EXERCISE GOAL: Your job is to return the whole listing unchanged while skipping its images.

SUPPLIED INFORMATION:

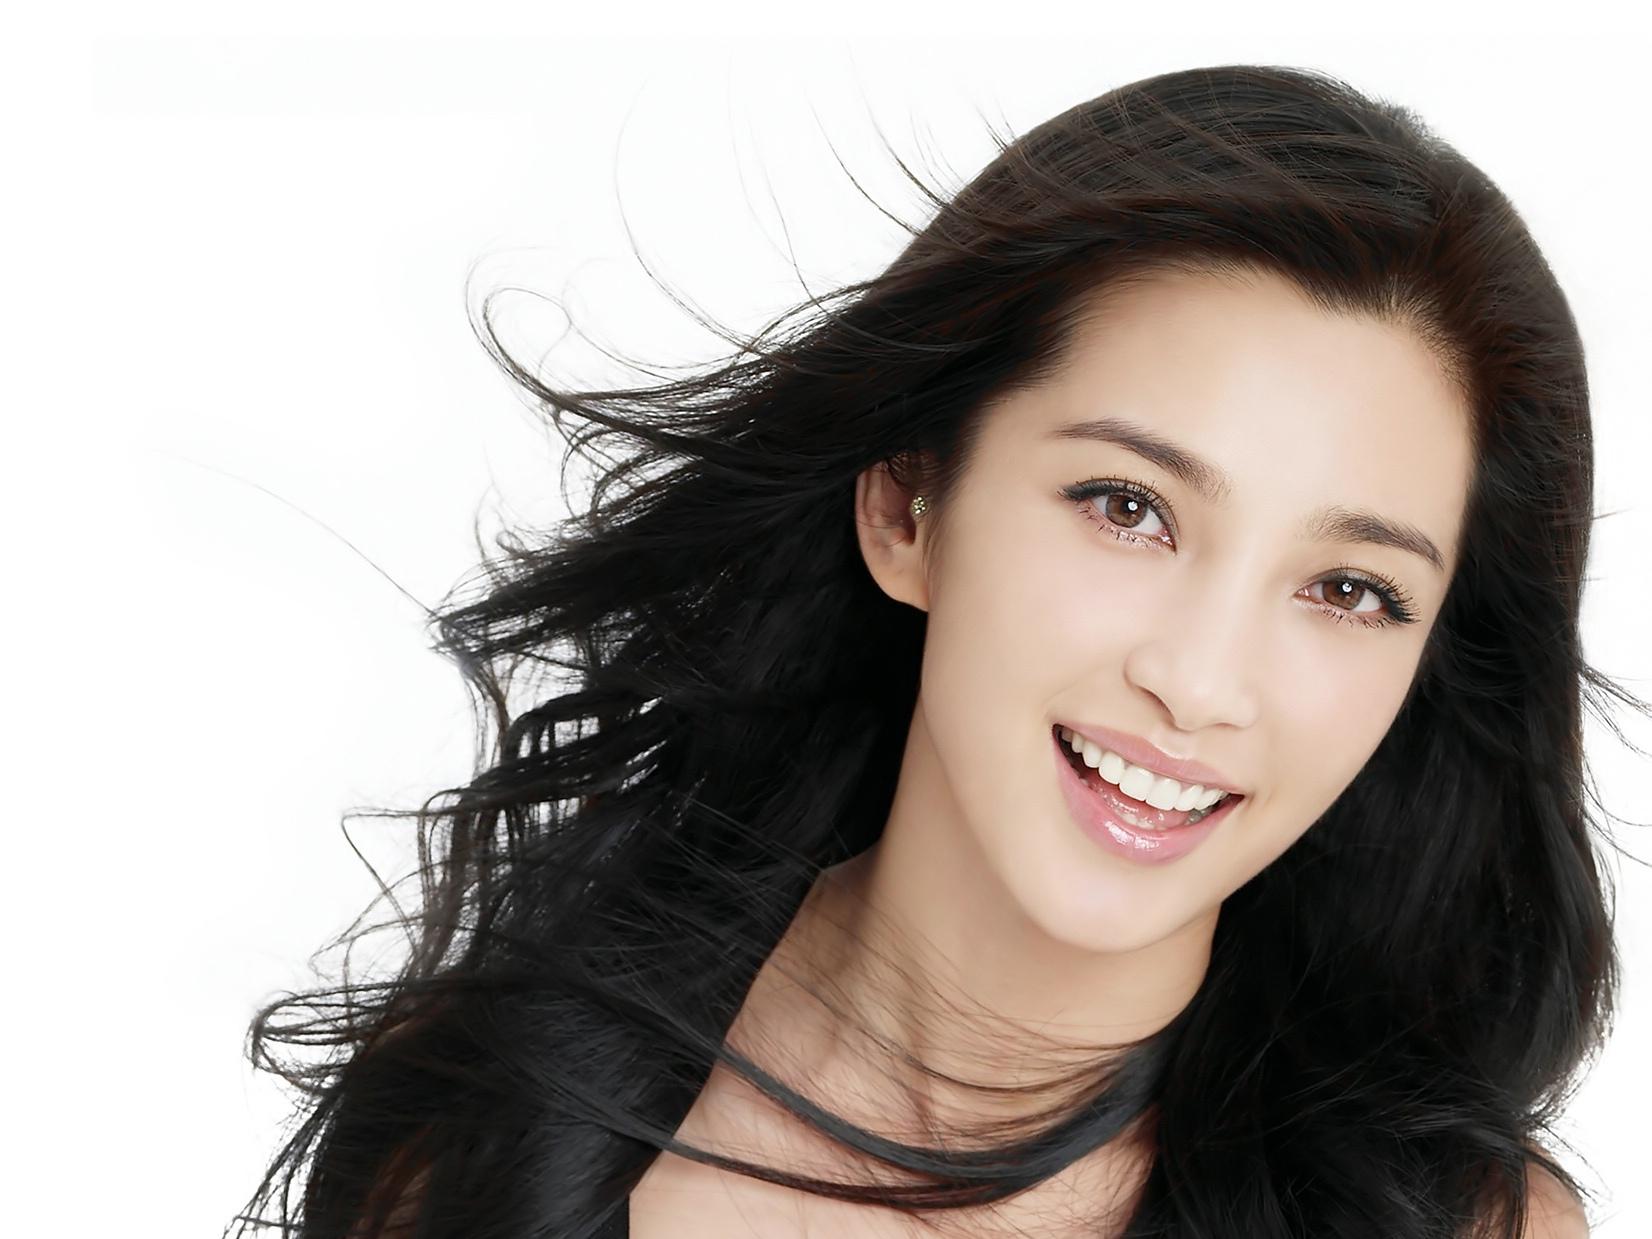 Điểm tên 5 người có khuôn mặt đẹp nhất điện ảnh Hoa Ngữ 5
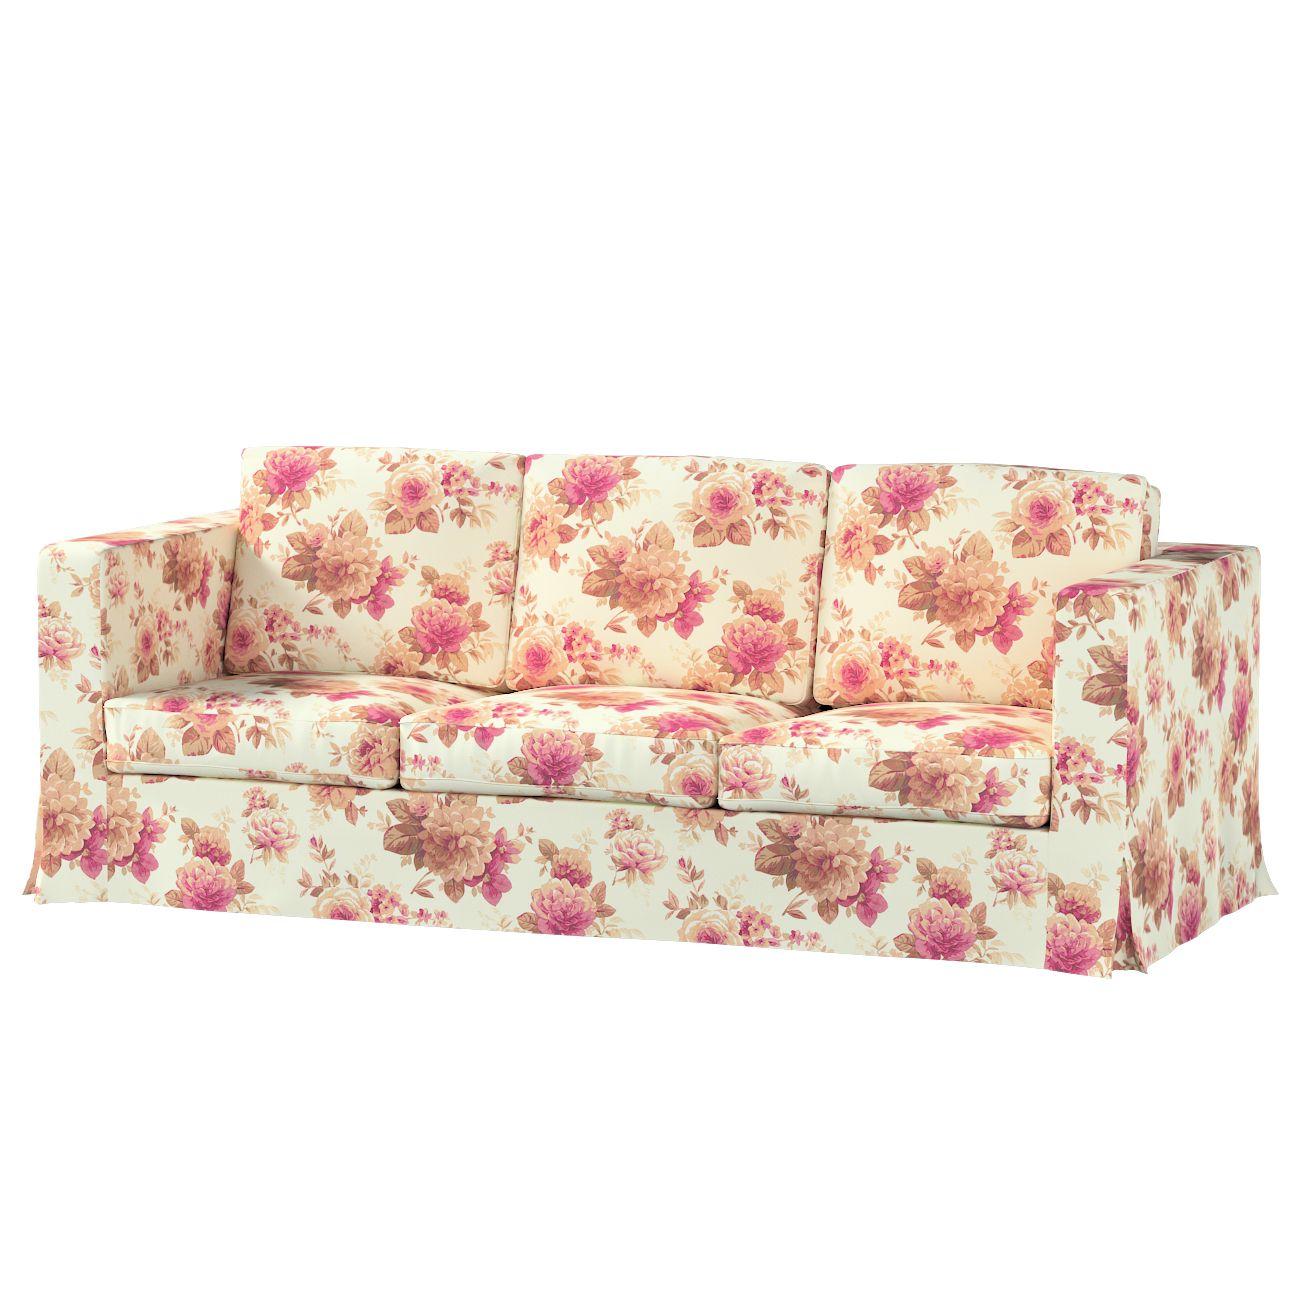 Full Size of Couch Ausklappbar P2032 Bett Ausklappbares Wohnzimmer Couch Ausklappbar
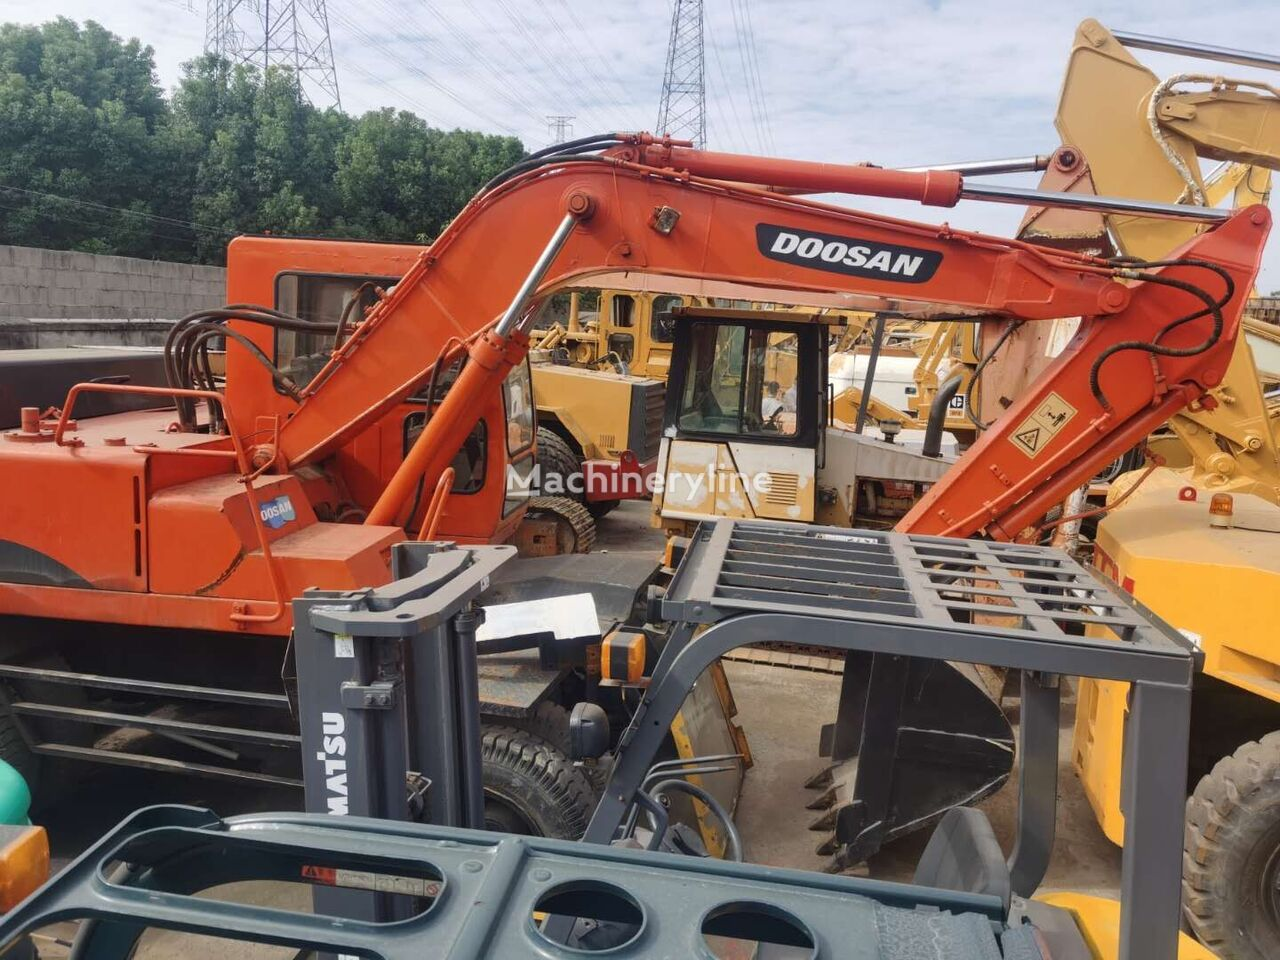 DOOSAN DH140 wheel excavator
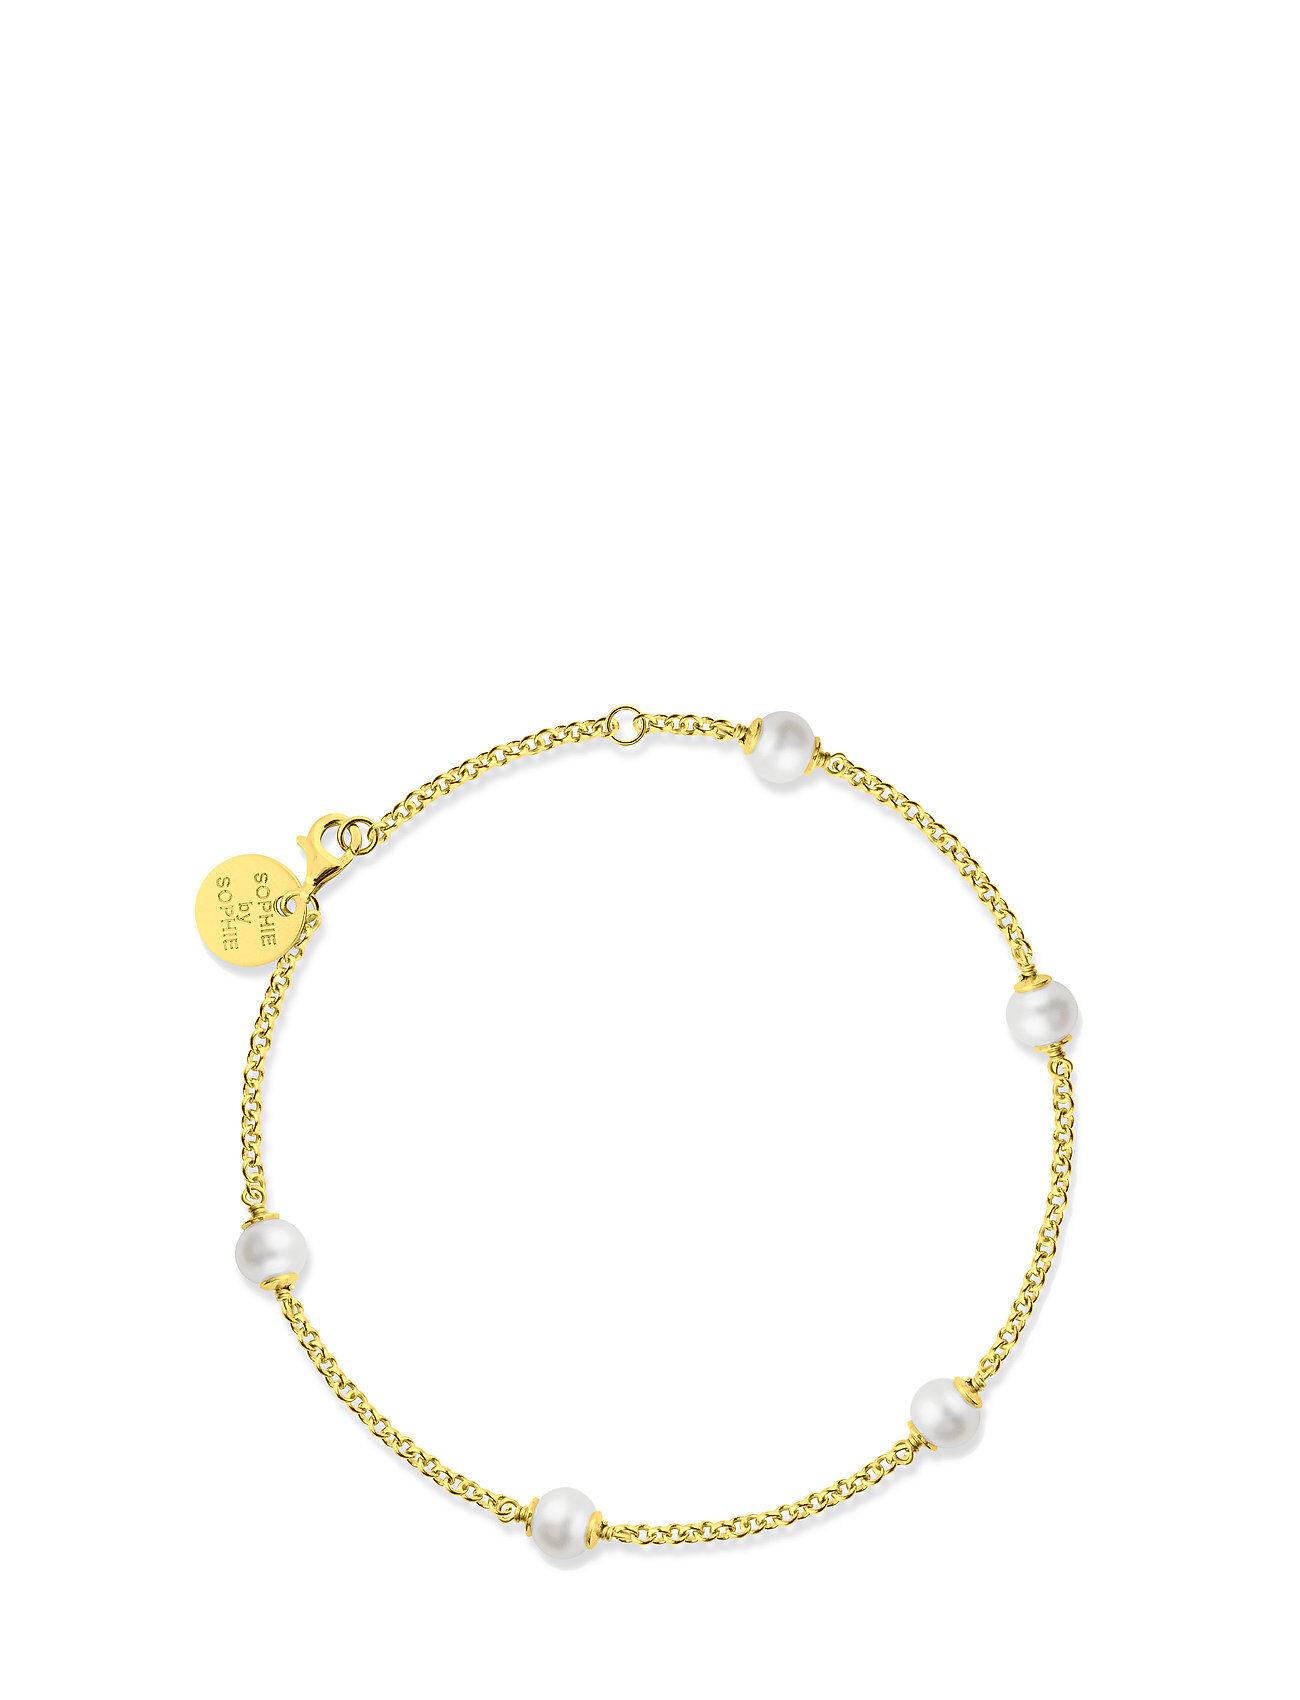 SOPHIE by SOPHIE Funky Pearl Bracelet Accessories Jewellery Bracelets Chain Bracelets Kulta SOPHIE By SOPHIE

FINISHED TASK:
 Điểm tên 5 người có khuôn mặt đẹp nhất điện ảnh Hoa Ngữ 5
 Full Size of Couch Ausklappbar P2032 Bett Ausklappbares Wohnzimmer Couch Ausklappbar
 DOOSAN DH140 wheel excavator
 SOPHIE by SOPHIE Funky Pearl Bracelet Accessories Jewellery Bracelets Chain Bracelets Kulta SOPHIE By SOPHIE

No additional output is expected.